◆ Material provided ◆

::::

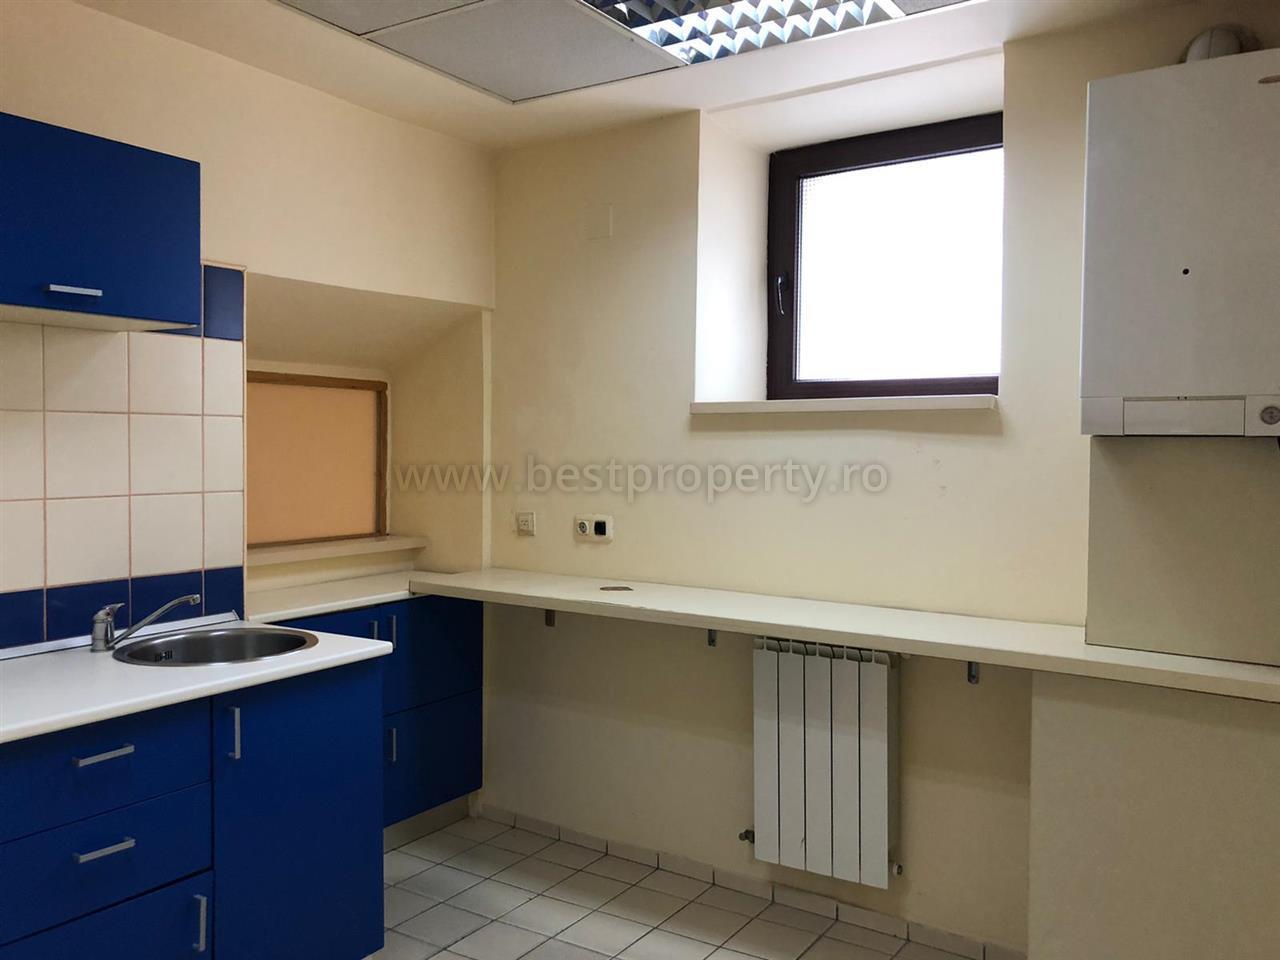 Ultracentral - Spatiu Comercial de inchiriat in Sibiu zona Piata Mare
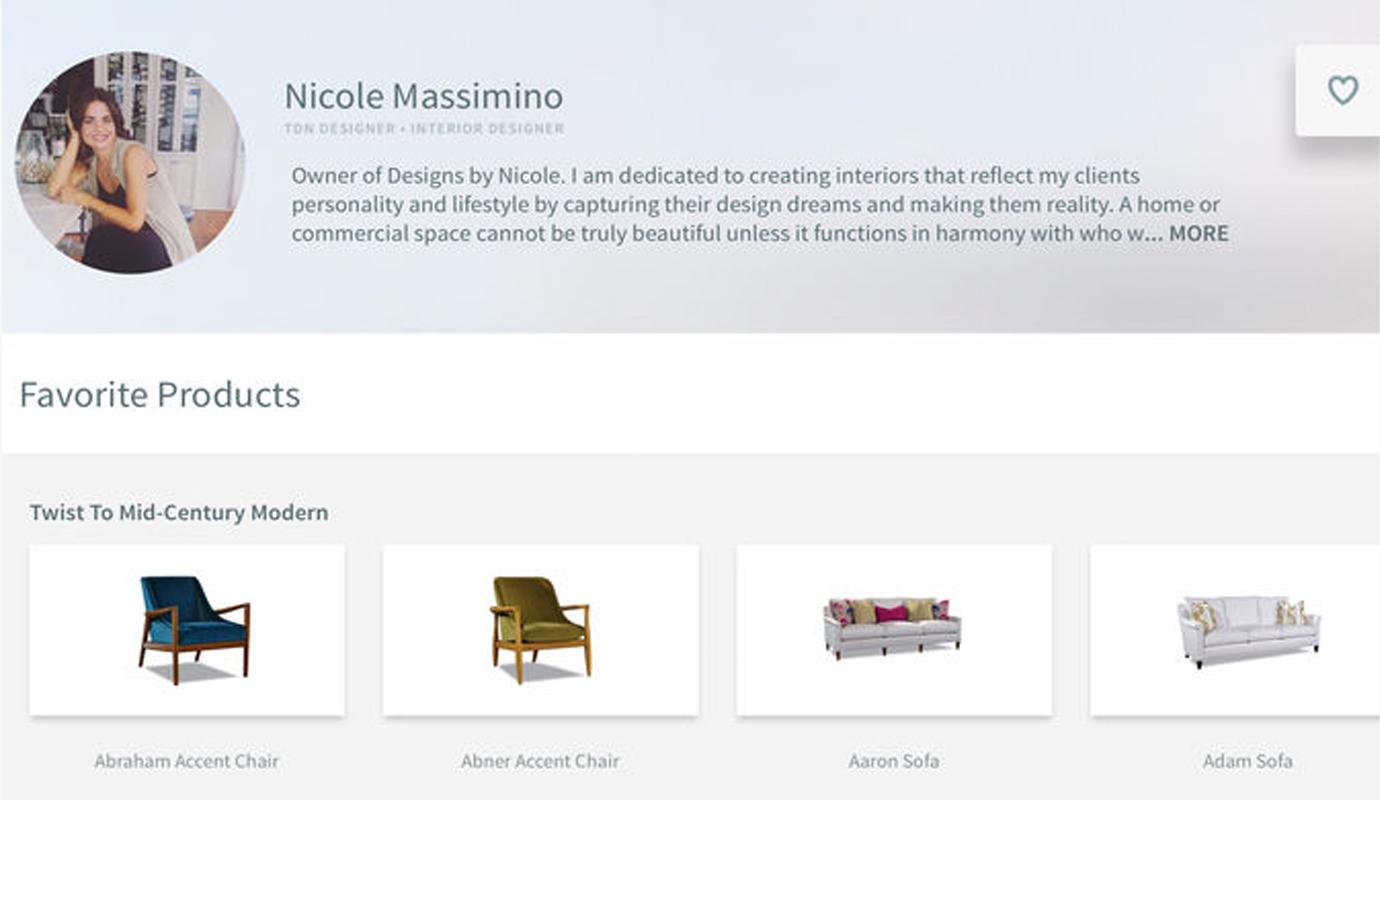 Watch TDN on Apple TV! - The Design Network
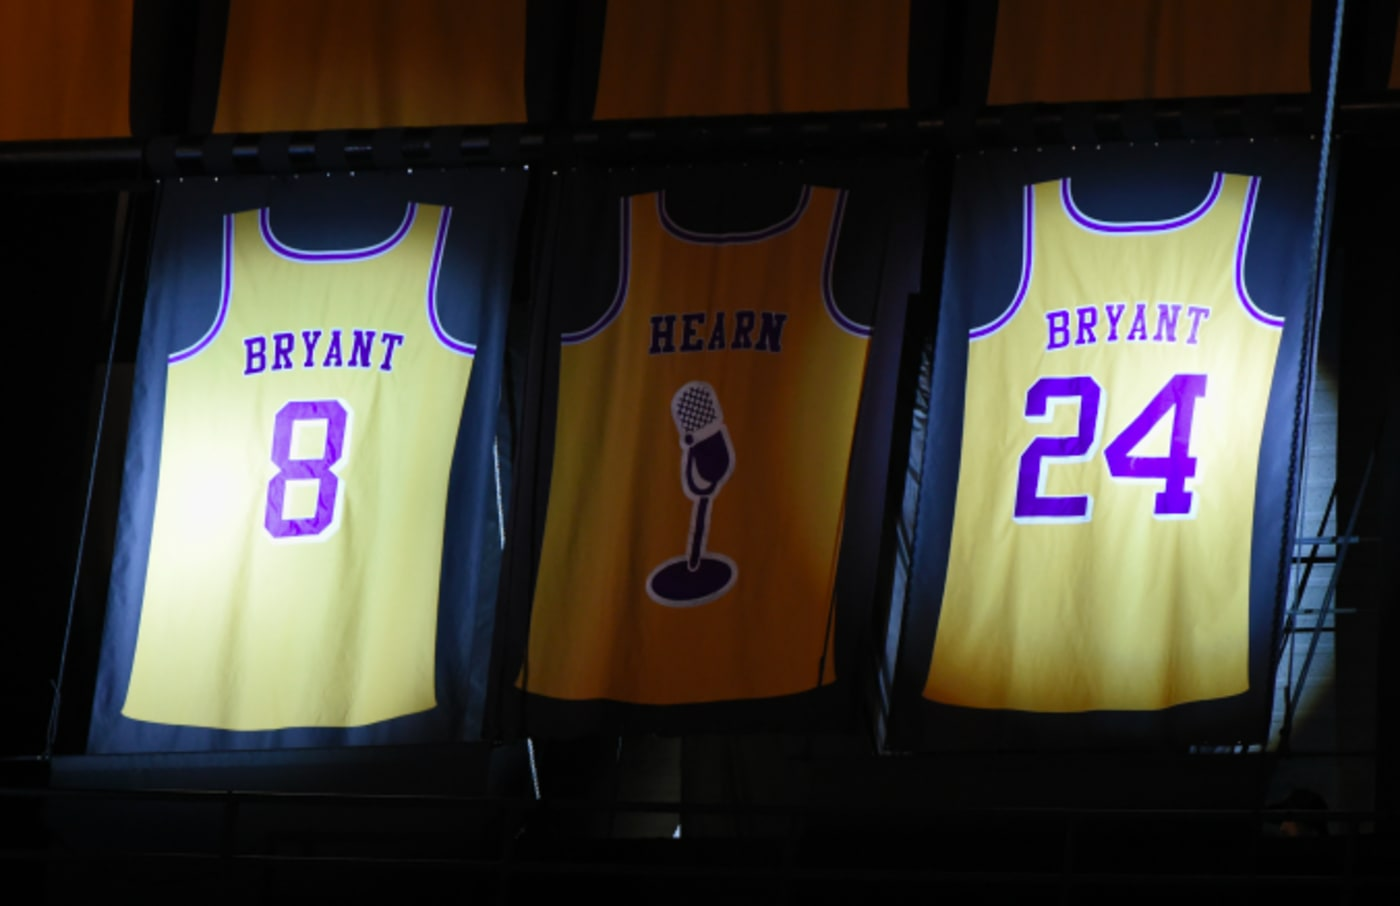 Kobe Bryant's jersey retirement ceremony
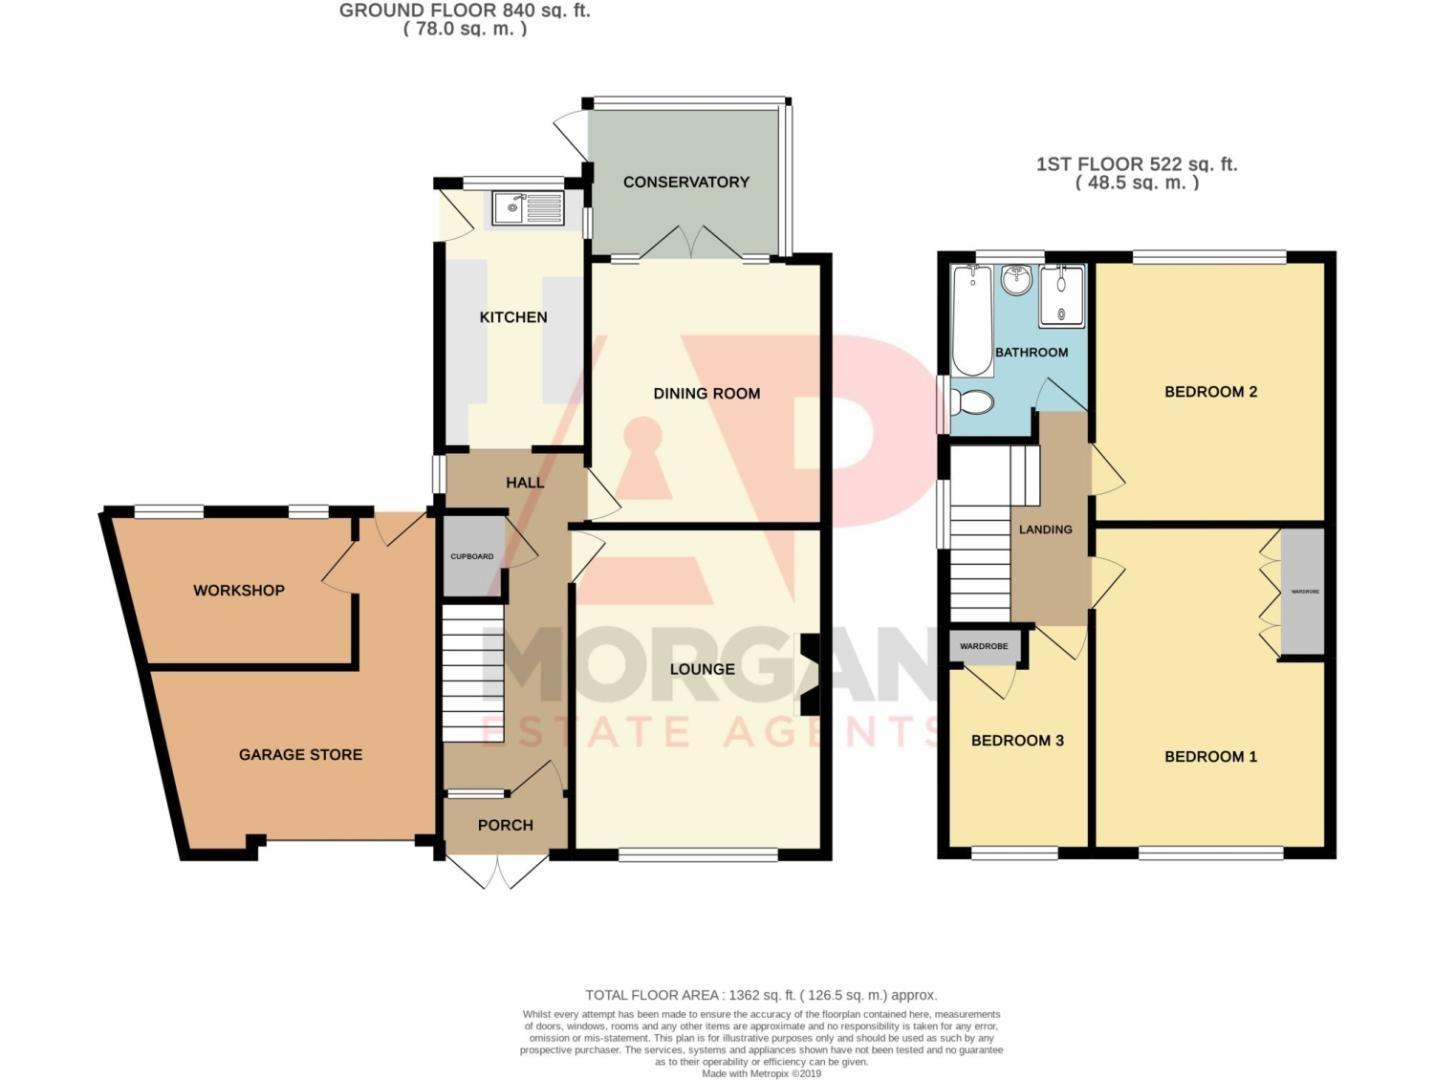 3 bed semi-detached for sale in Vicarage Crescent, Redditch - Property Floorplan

::::

◆ Prompt ◆
The result should be the full listing, retyped exactly and free of pictures.

◆ Solved exercise ◆
 Ultracentral - Spatiu Comercial de inchiriat in Sibiu zona Piata Mare
 Watch TDN on Apple TV! - The Design Network
 Kobe Bryant's jersey retirement ceremony
 3 bed semi-detached for sale in Vicarage Crescent, Redditch - Property Floorplan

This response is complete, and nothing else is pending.